[RECORDS SHOWN]:
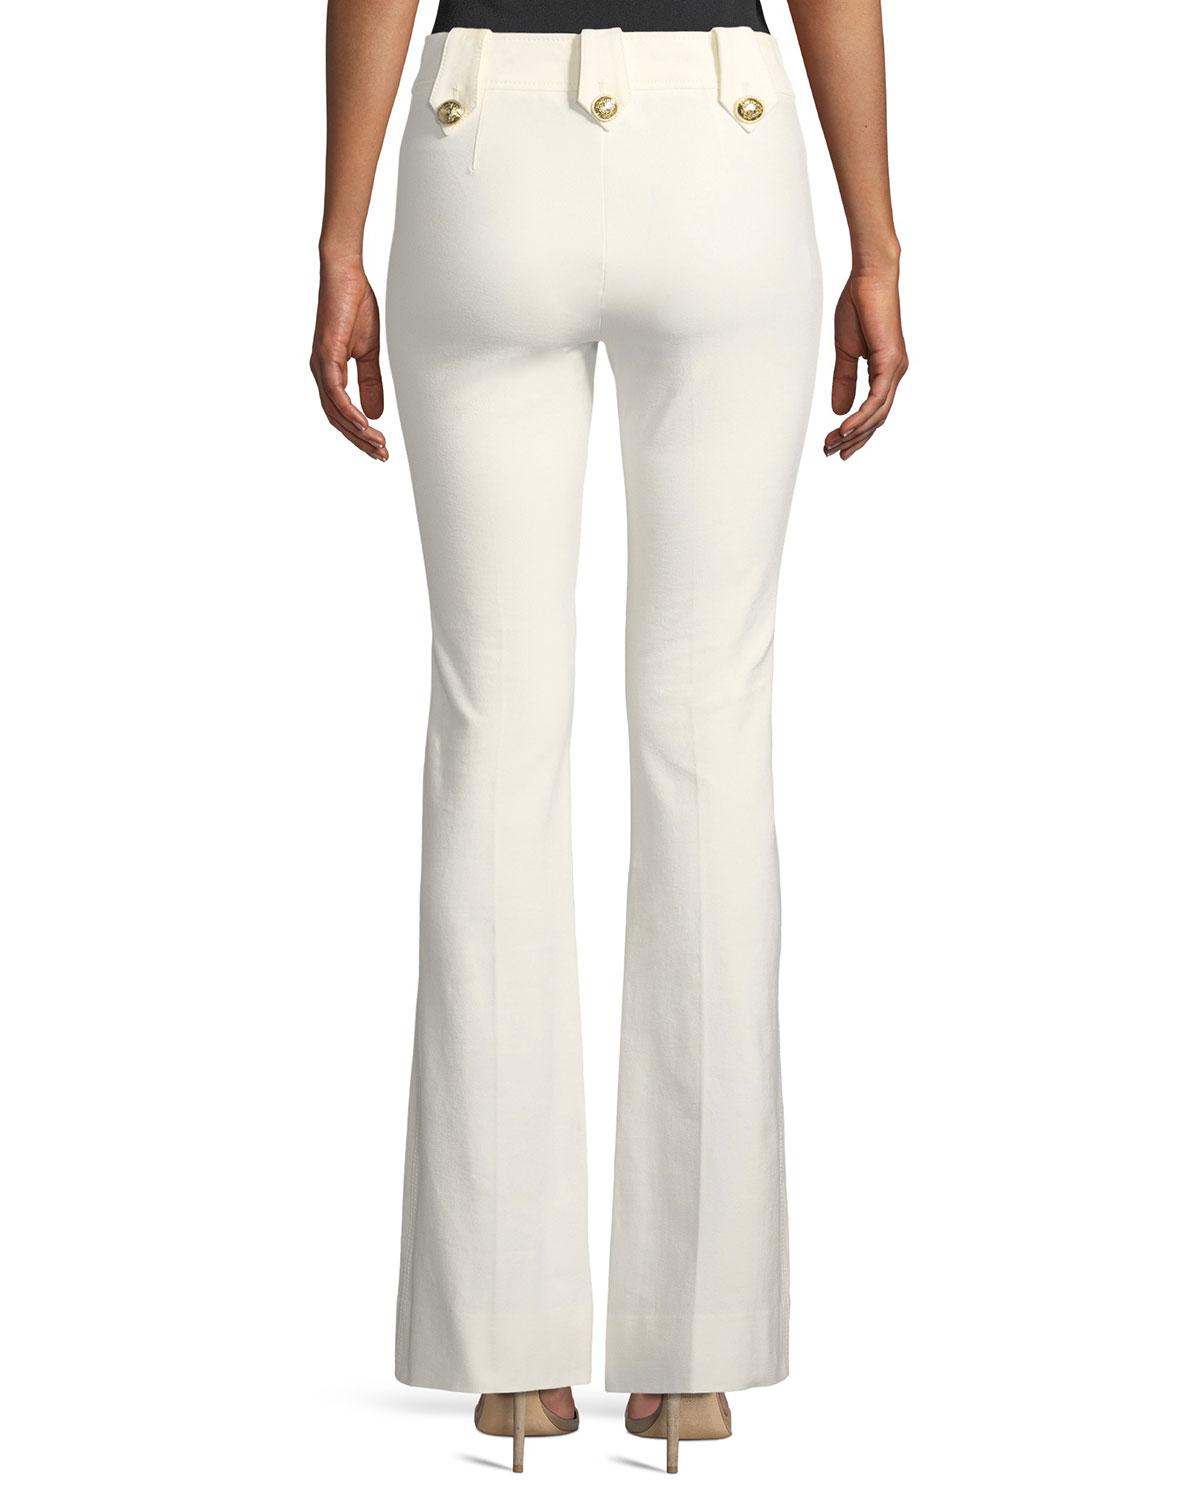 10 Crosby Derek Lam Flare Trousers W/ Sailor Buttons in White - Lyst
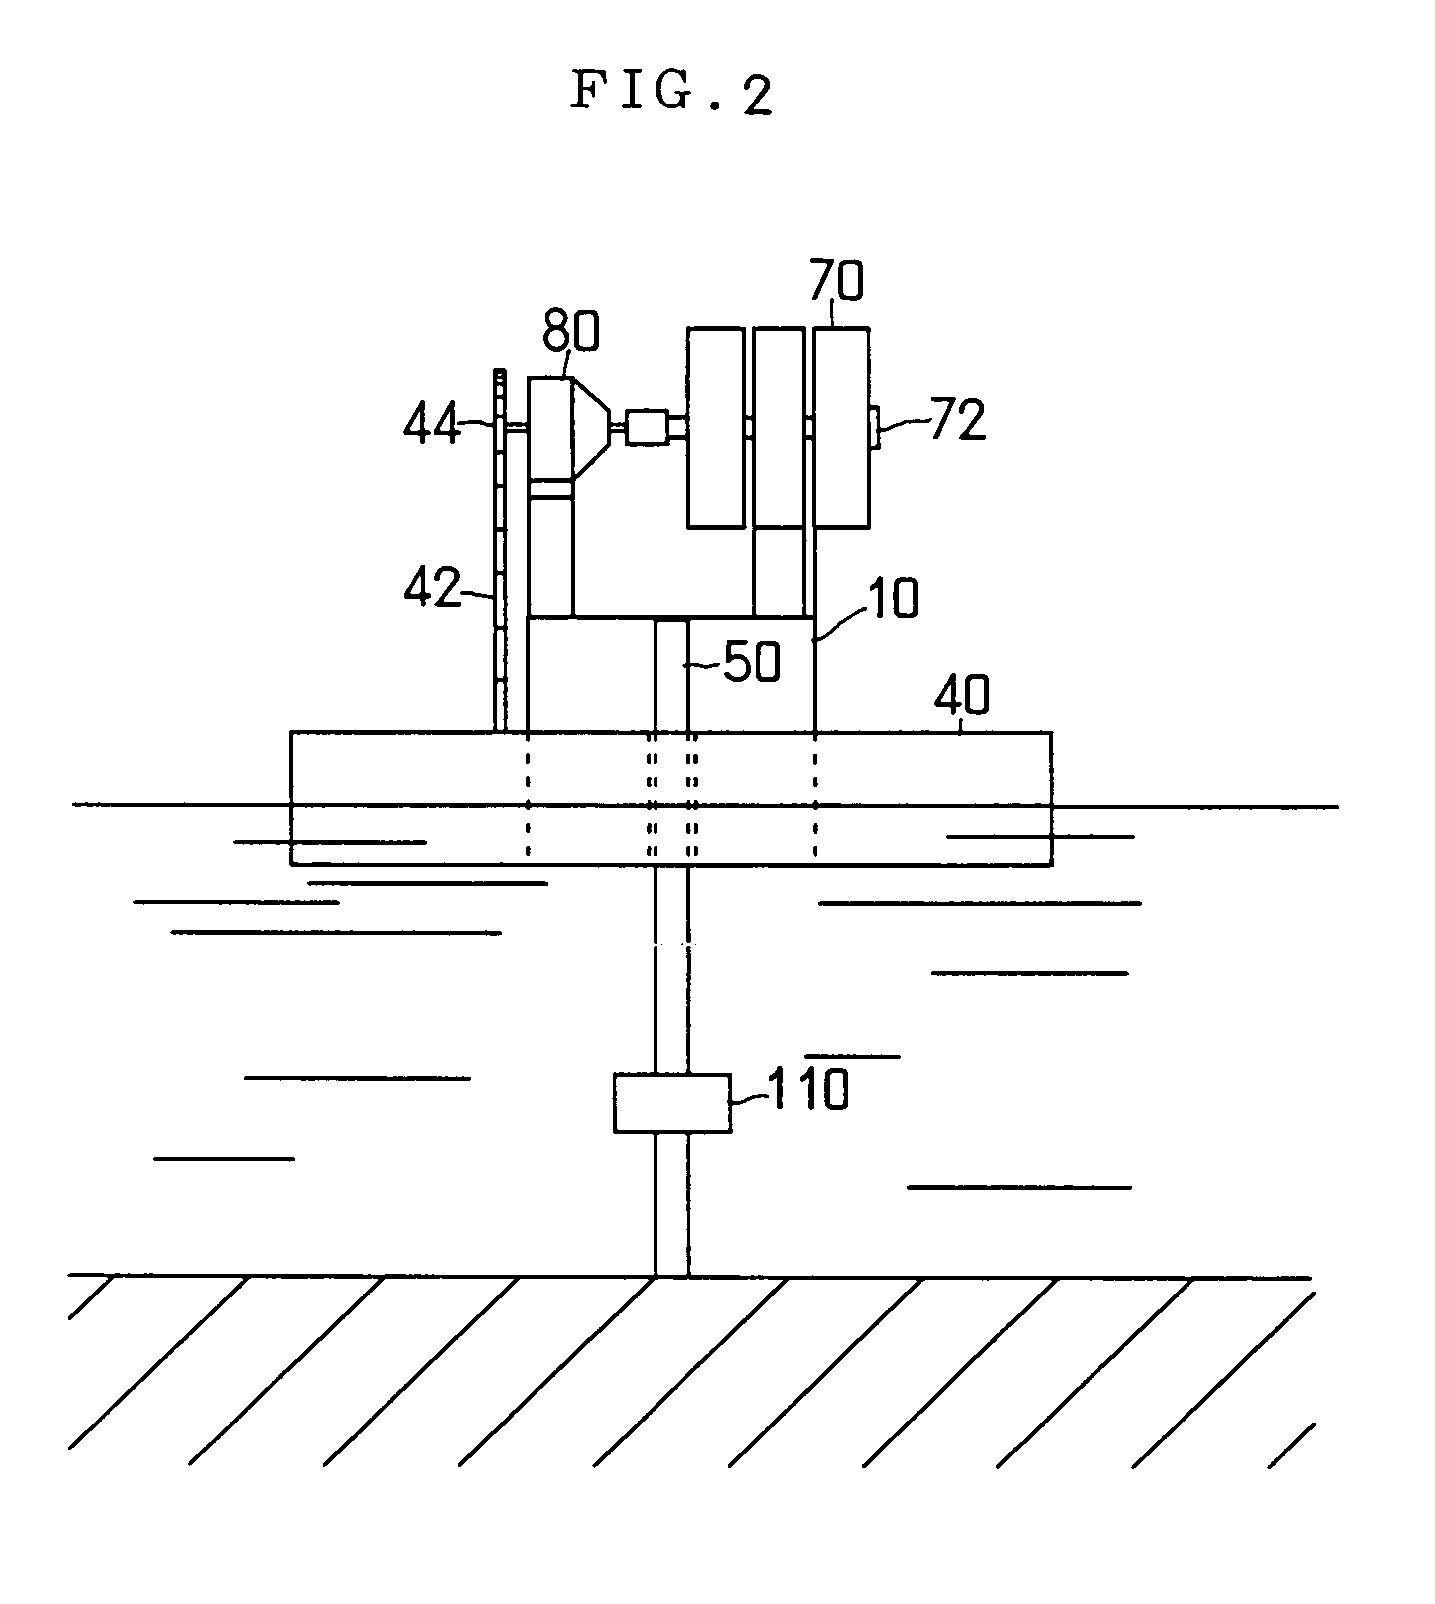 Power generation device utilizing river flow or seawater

==

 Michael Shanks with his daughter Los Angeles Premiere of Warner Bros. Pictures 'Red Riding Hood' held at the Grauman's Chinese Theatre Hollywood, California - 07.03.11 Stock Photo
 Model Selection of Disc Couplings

---

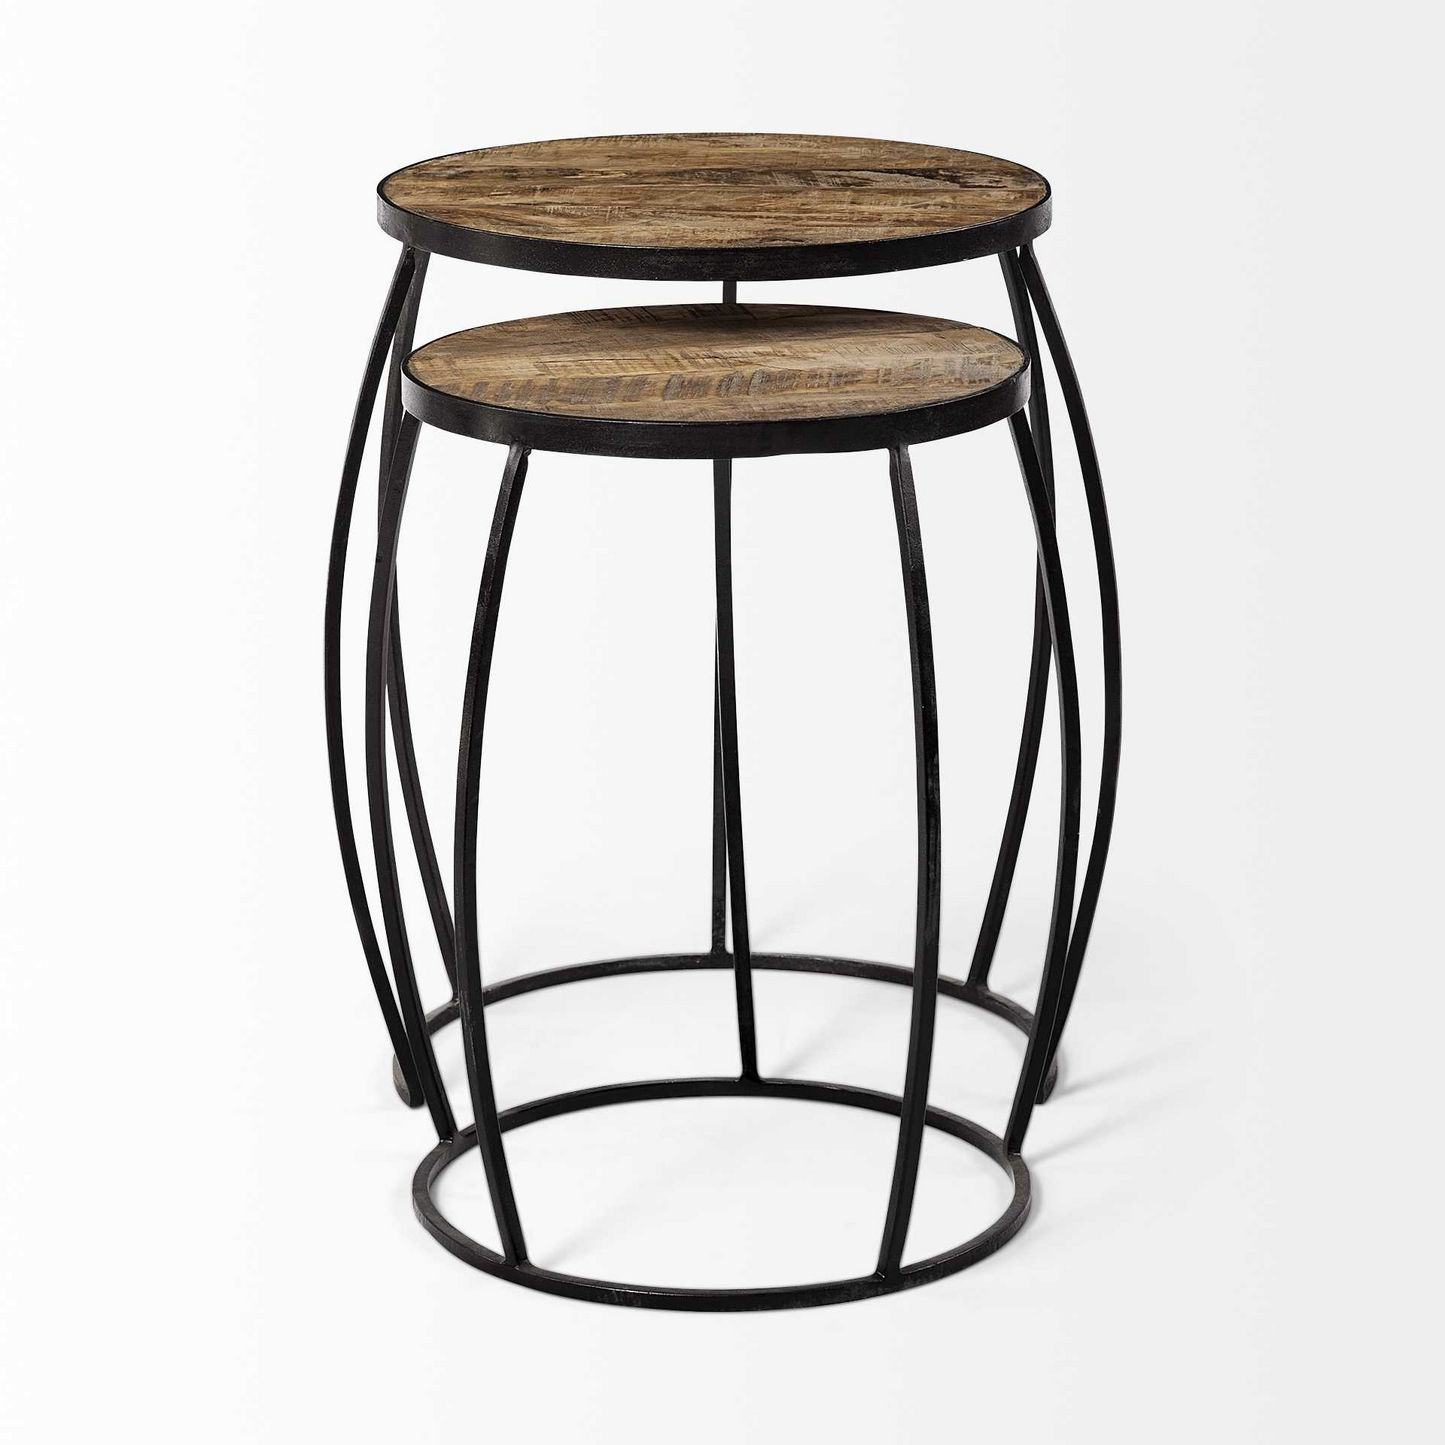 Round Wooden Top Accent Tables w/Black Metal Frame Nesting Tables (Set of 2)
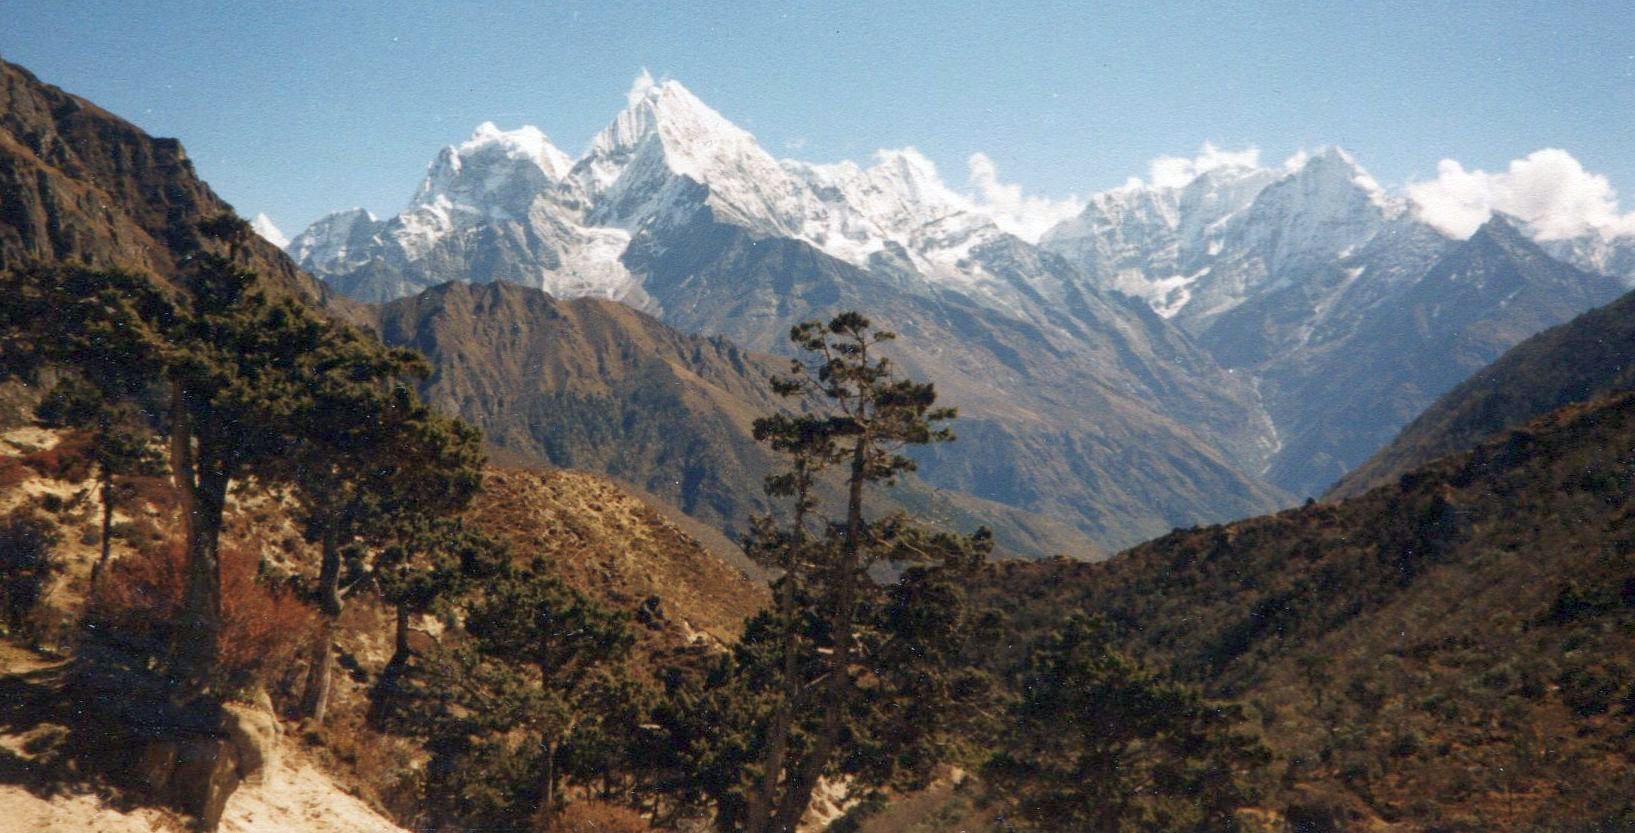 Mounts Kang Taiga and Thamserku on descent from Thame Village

[TASK BRIEF]:
Everything above from the line containing "Michael Shanks with" through the line containing "Model Selection of Disc Couplings" must be copied exactly. Nothing outside that range belongs in the answer.

[TASK SOLUTION]:
 Michael Shanks with his daughter Los Angeles Premiere of Warner Bros. Pictures 'Red Riding Hood' held at the Grauman's Chinese Theatre Hollywood, California - 07.03.11 Stock Photo
 Model Selection of Disc Couplings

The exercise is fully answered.